*WORK ORDER*
When copying the data, keep every line exactly the same.

Dataset records:

# # #

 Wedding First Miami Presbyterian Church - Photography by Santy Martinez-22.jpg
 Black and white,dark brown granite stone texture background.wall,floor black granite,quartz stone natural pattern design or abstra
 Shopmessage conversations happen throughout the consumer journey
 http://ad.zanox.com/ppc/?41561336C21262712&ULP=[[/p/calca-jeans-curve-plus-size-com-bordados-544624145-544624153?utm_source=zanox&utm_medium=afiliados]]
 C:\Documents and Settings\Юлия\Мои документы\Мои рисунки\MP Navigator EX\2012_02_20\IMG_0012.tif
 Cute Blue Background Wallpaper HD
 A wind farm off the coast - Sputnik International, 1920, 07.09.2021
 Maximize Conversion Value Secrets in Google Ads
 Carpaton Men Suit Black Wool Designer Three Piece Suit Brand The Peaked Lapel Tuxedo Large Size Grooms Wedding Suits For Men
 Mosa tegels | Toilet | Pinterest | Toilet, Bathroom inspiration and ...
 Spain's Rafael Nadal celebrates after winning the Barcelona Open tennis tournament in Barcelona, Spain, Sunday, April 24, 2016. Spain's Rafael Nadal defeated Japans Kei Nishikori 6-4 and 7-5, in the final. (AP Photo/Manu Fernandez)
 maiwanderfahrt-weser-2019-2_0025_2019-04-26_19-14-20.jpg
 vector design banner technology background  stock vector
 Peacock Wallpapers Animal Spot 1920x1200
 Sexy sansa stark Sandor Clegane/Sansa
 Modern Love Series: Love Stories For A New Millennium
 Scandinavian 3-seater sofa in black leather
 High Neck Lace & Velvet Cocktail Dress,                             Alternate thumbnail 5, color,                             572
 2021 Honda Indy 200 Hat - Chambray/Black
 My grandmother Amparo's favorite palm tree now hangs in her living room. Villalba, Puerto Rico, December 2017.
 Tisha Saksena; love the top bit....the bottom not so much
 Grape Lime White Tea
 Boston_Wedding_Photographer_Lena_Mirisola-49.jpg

# # #

*WRITTEN SOLUTION*
 Wedding First Miami Presbyterian Church - Photography by Santy Martinez-22.jpg
 Black and white,dark brown granite stone texture background.wall,floor black granite,quartz stone natural pattern design or abstra
 Shopmessage conversations happen throughout the consumer journey
 http://ad.zanox.com/ppc/?41561336C21262712&ULP=[[/p/calca-jeans-curve-plus-size-com-bordados-544624145-544624153?utm_source=zanox&utm_medium=afiliados]]
 C:\Documents and Settings\Юлия\Мои документы\Мои рисунки\MP Navigator EX\2012_02_20\IMG_0012.tif
 Cute Blue Background Wallpaper HD
 A wind farm off the coast - Sputnik International, 1920, 07.09.2021
 Maximize Conversion Value Secrets in Google Ads
 Carpaton Men Suit Black Wool Designer Three Piece Suit Brand The Peaked Lapel Tuxedo Large Size Grooms Wedding Suits For Men
 Mosa tegels | Toilet | Pinterest | Toilet, Bathroom inspiration and ...
 Spain's Rafael Nadal celebrates after winning the Barcelona Open tennis tournament in Barcelona, Spain, Sunday, April 24, 2016. Spain's Rafael Nadal defeated Japans Kei Nishikori 6-4 and 7-5, in the final. (AP Photo/Manu Fernandez)
 maiwanderfahrt-weser-2019-2_0025_2019-04-26_19-14-20.jpg
 vector design banner technology background  stock vector
 Peacock Wallpapers Animal Spot 1920x1200
 Sexy sansa stark Sandor Clegane/Sansa
 Modern Love Series: Love Stories For A New Millennium
 Scandinavian 3-seater sofa in black leather
 High Neck Lace & Velvet Cocktail Dress,                             Alternate thumbnail 5, color,                             572
 2021 Honda Indy 200 Hat - Chambray/Black
 My grandmother Amparo's favorite palm tree now hangs in her living room. Villalba, Puerto Rico, December 2017.
 Tisha Saksena; love the top bit....the bottom not so much
 Grape Lime White Tea
 Boston_Wedding_Photographer_Lena_Mirisola-49.jpg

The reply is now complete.